2026年8月20日から22日にかけて、慶應義塾大学鶴岡タウンキャンパス(山形県鶴岡市)において、塾生向けアントレプレナーシップ涵養プログラム(J-PEAKS支援事業)である「鶴岡タウンキャンパス合同リトリート」を開催しました。
【背景と趣旨:異分野融合とアントレプレナーシップ】
慶應義塾大学先端生命科学研究所(IAB) では広範囲の専⾨家が集結し、異分野融合研究が推進され、複数のベンチャーを輩出してきました 。一方、薬学研究科でも優れた創薬シーズが育成されているものの、他キャンパスとの交流は限定的でした。そこで、2019 年度より隔年で、薬学研究科の学⽣が鶴岡タウンキャンパスを訪問して、先端⽣命科学研究所に所属する政策・メディア研究科の学⽣やスタートアップ企業の経営者と交流する合同リトリートを開催し、 博士進学やベンチャー就職などの確かな成果を上げてきました。 5回目の開催となる2026年度はJ-PEAKSの支援を受け、対象を理工学部・理工学研究科や医学部にも拡大して分野の枠組みを大きく広げ、薬学部・薬学研究科からは学生17名、教職員5名が参加し、多様なメンバーが交流を行いました。
本プログラムを通じて、互いの知的好奇⼼を刺激し、既存の学問分野の垣根を越えた融合研究の芽を育み、セレンディピティ創出の基盤形成を促します。さらにアントレプレナーシップを養うことで未来を先導する⼈材の育成を⽬指します。
【1日目:8月20日】ピッチトークとポスターセッション
先端生命科学研究所以外の参加者は空路で庄内空港を経由し、昼過ぎに鶴岡タウンキャンパスに到着しました。ほぼ全員が初対面ということもあり、まずは自己紹介を兼ねた「3分間ピッチトーク」と「ポスターセッション」が行われました。学生たちは自身の研究テーマから個性あふれる人生史までユーモアを交えて発表し、セッションが終わる頃には一気に打ち解けた様子が見られました。

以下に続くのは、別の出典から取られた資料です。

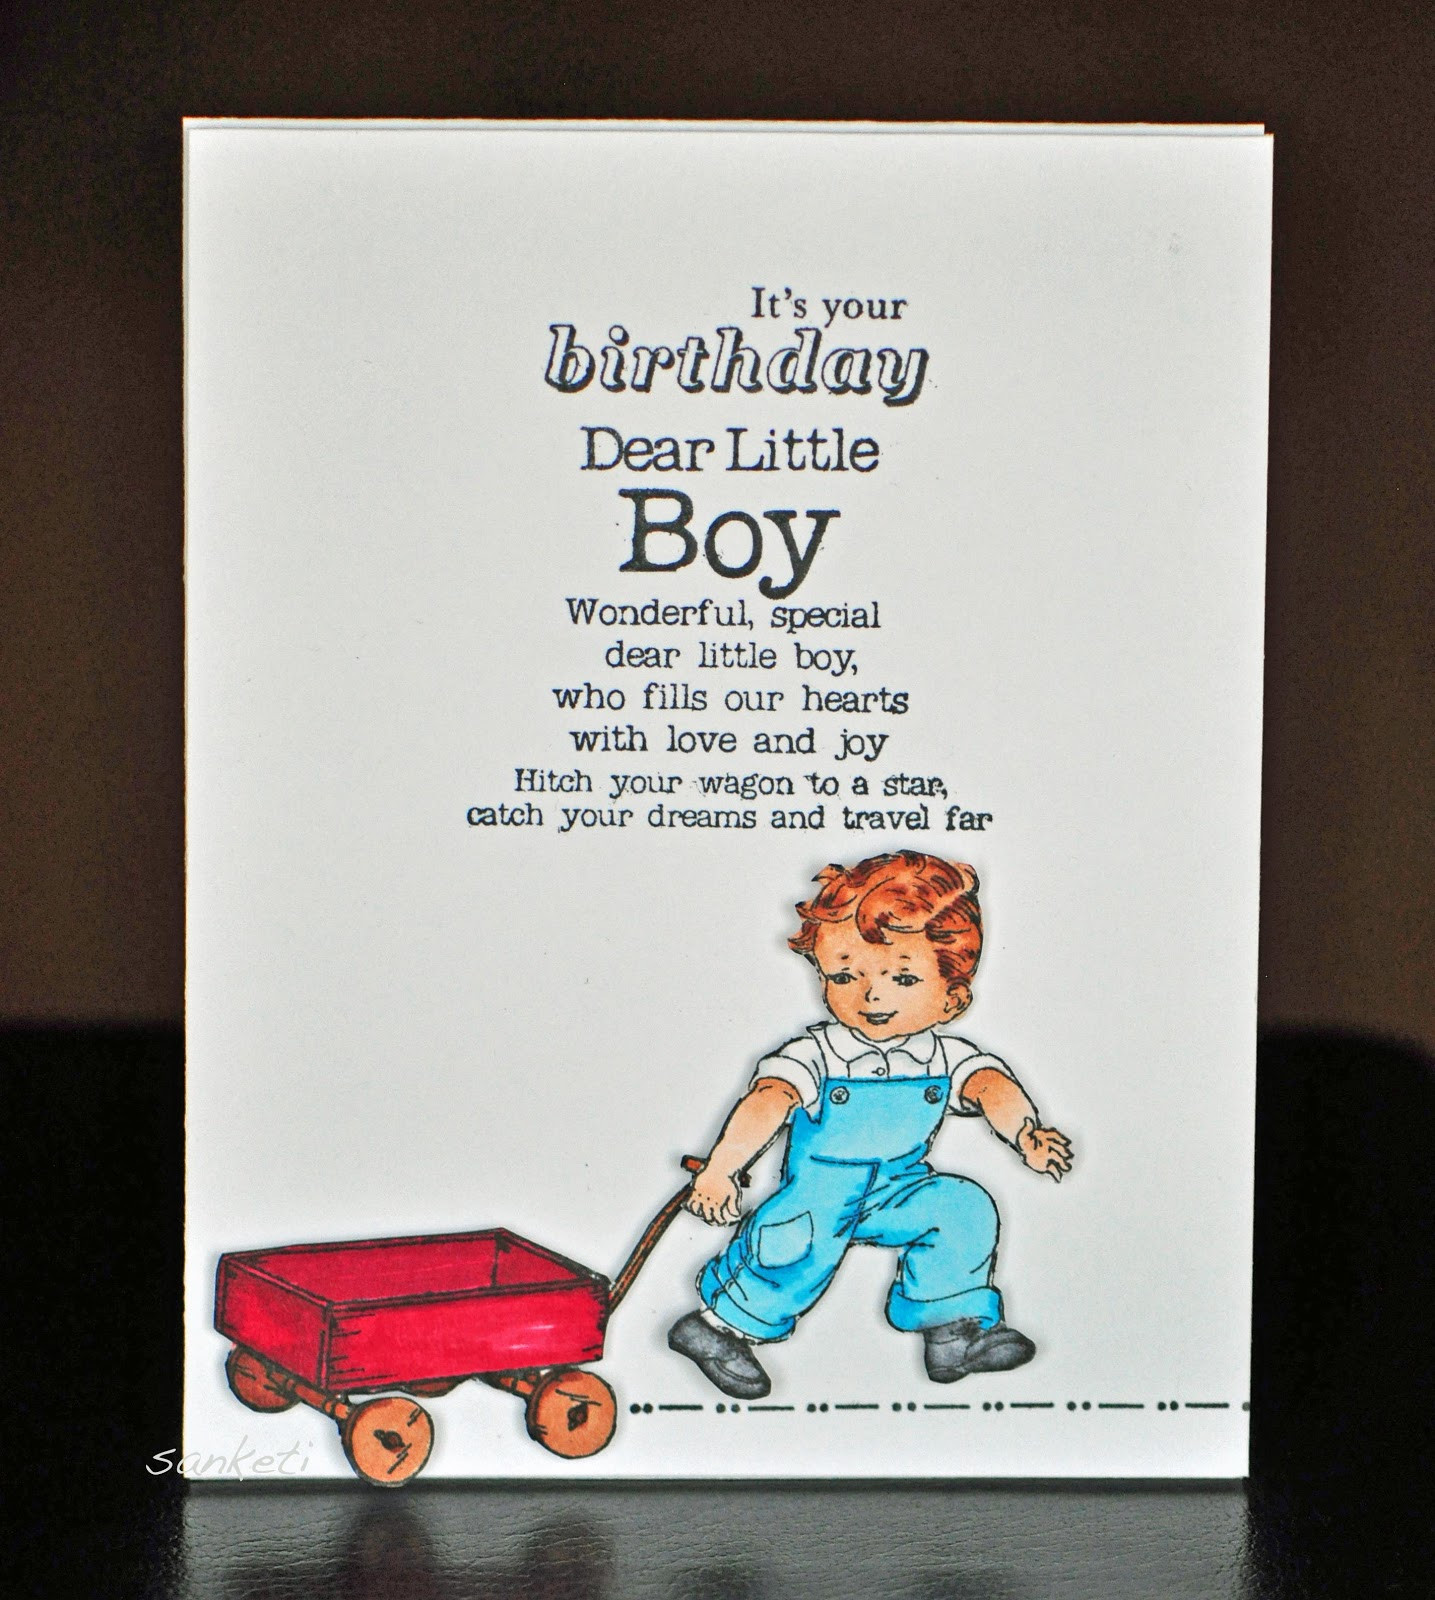 Boy Birthday Quotes
 The Storyteller Dear Little Boy

夕方からは、IAB所長の荒川和晴教授による特別講演「知的産業による地方創生」が開催されました。短期的な成果にとどまらず、地域に知の生態系を根付かせる「花よりも根を養う」姿勢について語られ、参加者は一様に聞き入っていました。その後、最終日に行われる「仮想ベンチャープレゼン」の班分けが発表されました。
【2日目:8月21日】起業の最前線と個別ラボ見学
午前中は、鶴岡発ベンチャーの経営者や教員ら4名による招待講演が行われました。午後は、講演者を交えたパネルディスカッション「多様なキャリアパスについて考える」が開催され、仕事だけでなく人生設計やキャリア形成について本音の議論が交わされました。
ディスカッション終了後、研究所見学ツアーや個別ラボ訪問に参加し、最先端の現場を視察しました。夕方からはグループワークを重ね、夜は全参加者が集まり賑やかな懇親会が催され、遅くまで議論が交わされました。
【3日目:8月22日】仮想ベンチャープレゼンテーション
最終日は、リトリートのハイライトである「仮想ベンチャープレゼンテーション:鶴岡タウンキャンパス10番目のベンチャーを目指せ!」の報告会が行われました。医学、薬学、理工学、政策・メディア等の多様な知識を融合した8つのグループが、それぞれ社会課題の解決に向けたビジネスプランを惜しみなく披露しました。審査員を務めたベンチャー経営者や教員からは、発表に対し高い評価と鋭くも温かいフィードバックが寄せられました。
リトリート終了後のアンケートでは、学生全員が「大変充実していた」と回答しており、本リトリートに対する⾼い満⾜度が⽰されました。また、他キャンパスからの参加者にとっては、鶴岡という地域や、そこに形成された社会実装クラスターに触れる貴重な機会にもなりました。こうした経験は、異分野交流を促進するとともに、研究成果の社会実装やアントレプレナーシップに対する意識の醸成にもつながったものと考えられます。
異なる専門分野の英知が混ざり合う本プログラムは、今後も改善を重ねながら、異分野融合研究の発芽とアントレプレナーシップ醸成のために継続して開催される予定です。